= Noémi Orvos-Tóth =

Hungarian psychologist (born 1971)

Noémi Orvos-Tóth (born 1971) is a Hungarian clinical psychologist. She is the founder of the Institute of Transgenerational Trauma, and the author of Inherited Fate, a book about collective historical trauma and transgenerational trauma.

==Life and career==
Orvos-Toth was born in Hungary in 1971, and moved to Germany with her family in 1987, spending a year in a refugee camp. She returned to Hungary in 1990.

Orvos-Toth graduated in psychology at Eötvös Lóránd University in Budapest and then in clinical psychology at the University of Debrecen. She has worked as a clinical psychologist in hospital settings and in private practice. Orvos-Toth is a proponent of the idea of transgenerational trauma, which theorises that trauma experienced by some members of a group can be passed down to later generations. In 2023 she founded the Institute for Transgenerational Trauma.

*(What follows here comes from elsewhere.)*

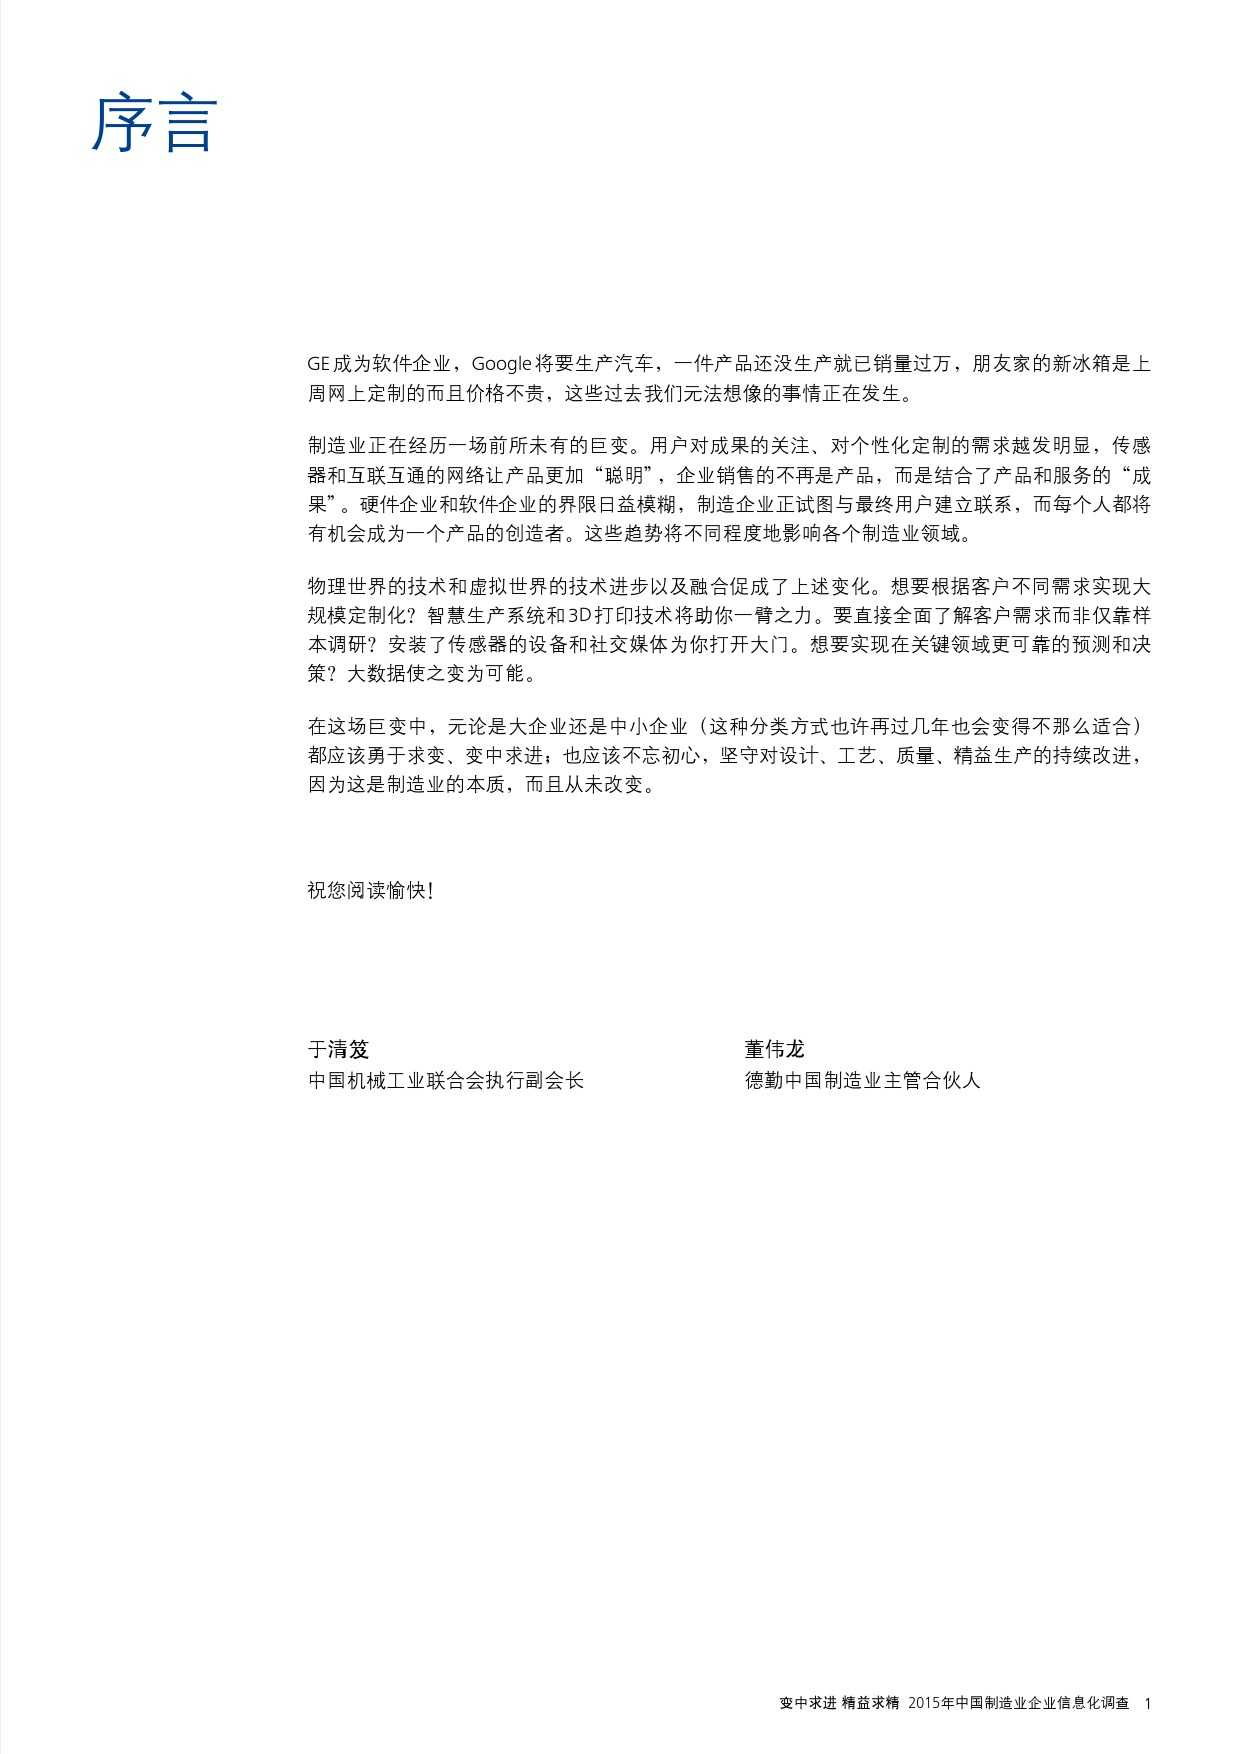 2015年中国制造业企业信息化调查_000003

Besides her clinical psychology work, Orvos-Toth is also an author. She contributed to a 2017 book about relationships between parents and children, and wrote a popular 2018 book about recovery from emotionally abusive relationships. In 2024, Orvos-Toth appeared on Hrvatska Radiotelevizija in Croatia where she gave an interview and a new book Inherited Fate. The appearance was part of a longer promotion in the country which saw her cover the topic of transgenerational trauma. During the interview, she explained her personal fear of losing her daughter when she was a newborn; Orvos-Toth was then able to trace this fear back to her ancestors who had also lost children. The book Inherited Fate became a best-seller in Hungary, selling 300,000 copies by early 2024. In 2024 it was announced that Cornerstone Press had won an auction for the rights to Inherited Fate, and would publish it in more than 20 languages from 2025. Orvos-Toth is also the co-host of podcast ‘We Need to Talk!’.

In 2023 Orvos-Toth was presented with the Libri Public Favourite Award at the Libri Literary Awards, for the best-selling book of the past sixteen years.